Of course, there’s the part of the holiday where I fell violently sick, slept a whole day, then spent the next day doing stuff at the bank and our humble chowk-bazaar only to fall sicker in the following days. Or the part where I took a literal walk down memory lane in my old university campus, only to find that it has changed beyond recognition, even though my old hostel room looked still the same. As did the room in the student activity center where we had spent long hours practicing for the band. Or the part where the elder one found the strangest places to read her books and the littler one rearranged all the furniture in my mother’s living room.
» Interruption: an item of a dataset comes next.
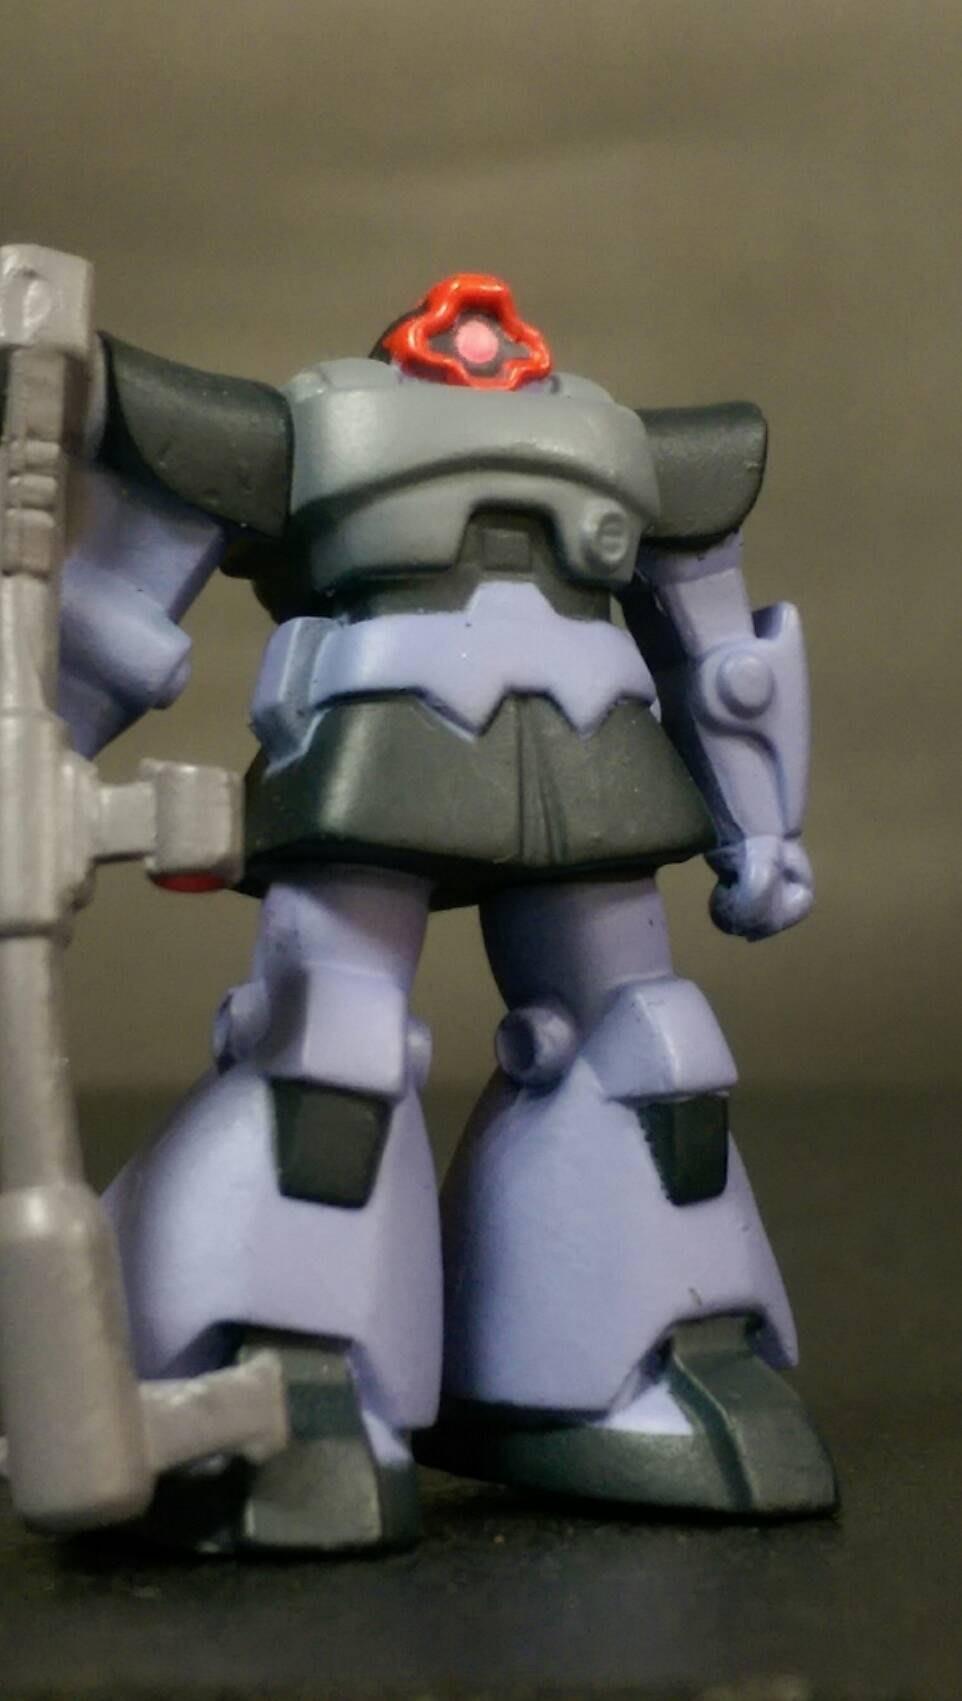 D-14 櫃 現狀品 : HG GUNDAM 鋼彈 ZAKU MS-06R 薩克 黑色三聯星德姆 天富玩具店
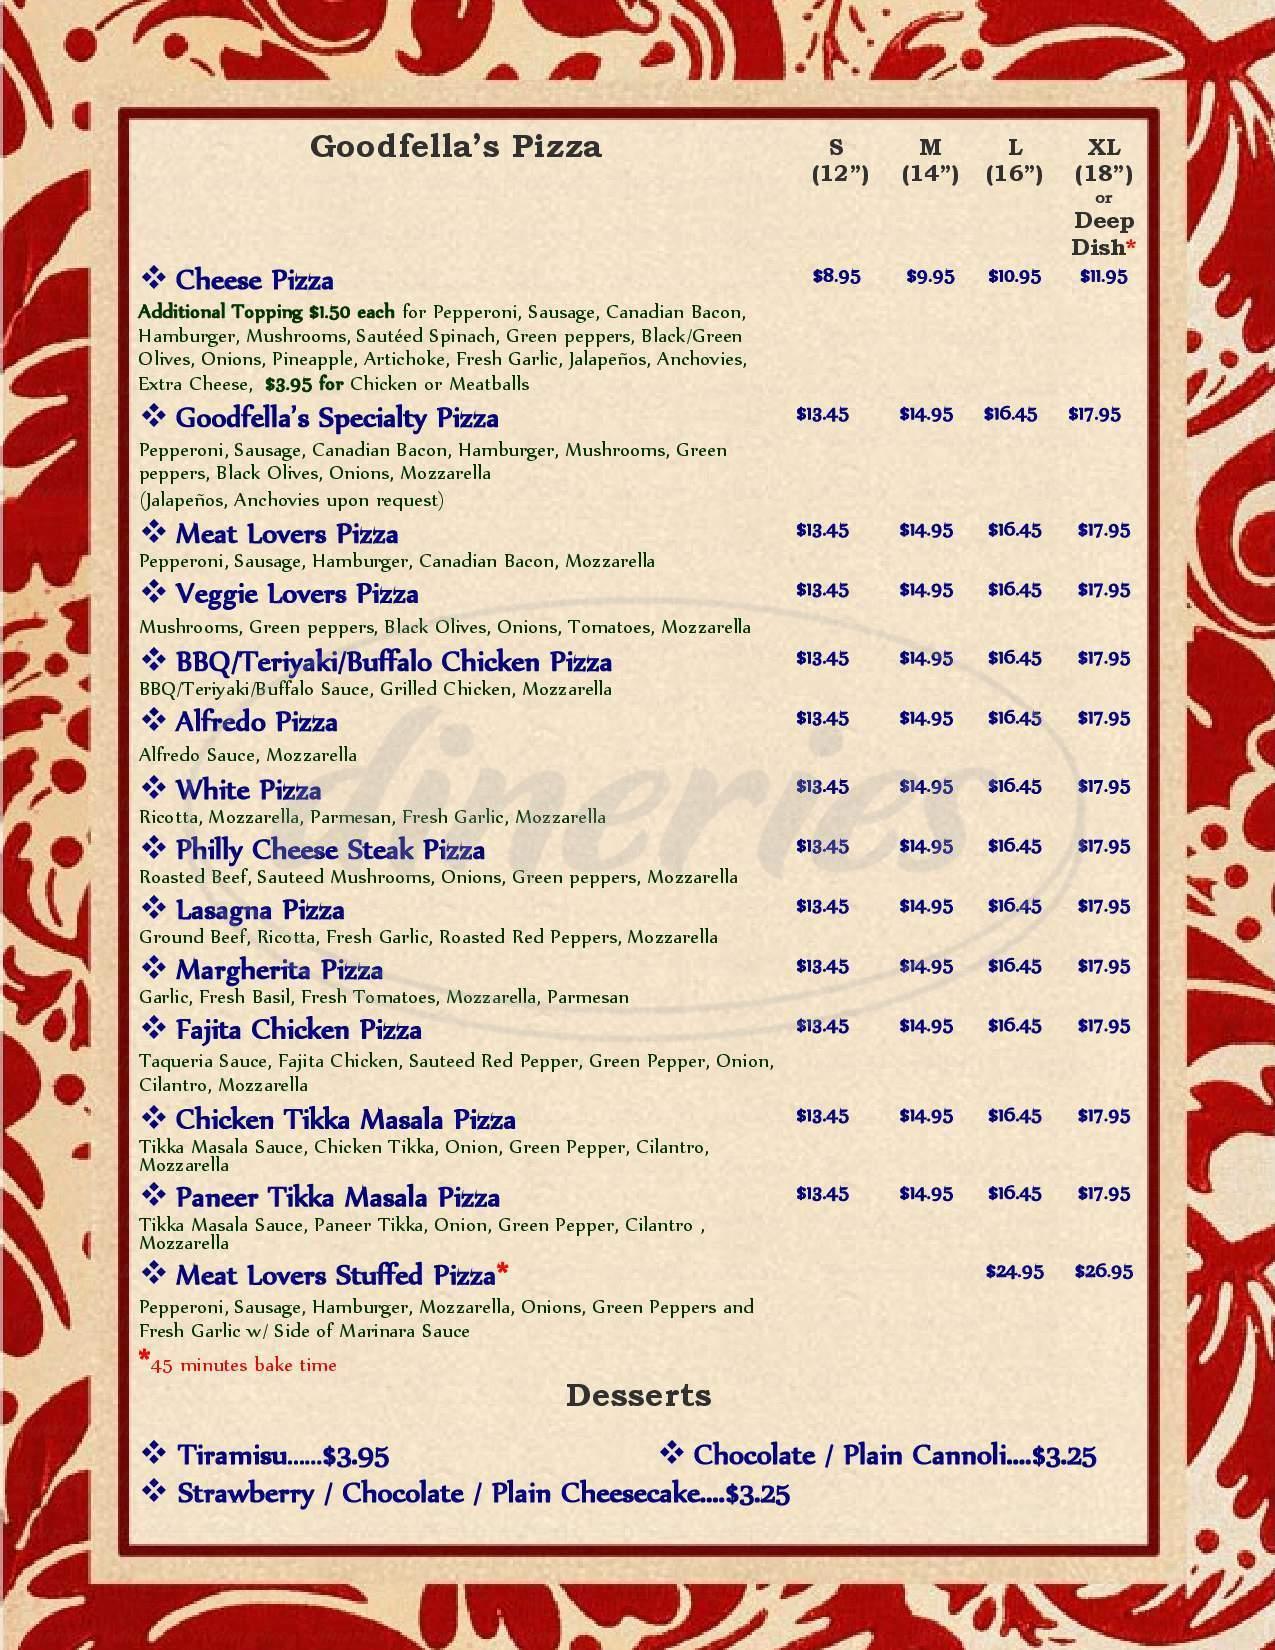 menu for Goodfella's Pizza

Before we had to leave, I spent some time in my Aita’s room by myself, soaking up the incense-laden air, flipping through the prayer books that my fingers know so well. I replayed the video montage my mind had made of my time with Aita in that room – me as a child cradled in her lap while she told me stories from the Mahabharata and the Ramayana, my sister and I sitting on the prayer mat singing borgeet, me as a teenager coaxing Aita to let me dress her up and pin up her sador much to her protest, me as a young adult having conversations about boyfriends with Aita in a way I never could with my Ma. What it finally landed on, was a tune. I was flipping through the Kirtan-Ghuxa and landed on a naam I had never truly learned from her. Suddenly, loud and crystal clear, it started playing in my mind, in her voice. And just like that, I knew what my Aita wanted to tell me. That she is right there, in my heart, in the prayers I sing, in the tunes I hum. She has not gone anywhere. That it truly isn’t really goodbye, after all. It is just the beginning of life with her in a new form.

One thought on “Of boondiya-bhujiya, hasnahana and saying goodbye

  1. Audrey says:

    Beautiful. Gorgeous. Homecoming is something that transcends cultures. We are triggered by different smells, different tastes, different sensations, but the emotions of going home are universal. And under it lies that desire to share with your little ones a taste of your own childhood, so they can form their own nostalgias for that place in the center of your heart that is the foundation of your being.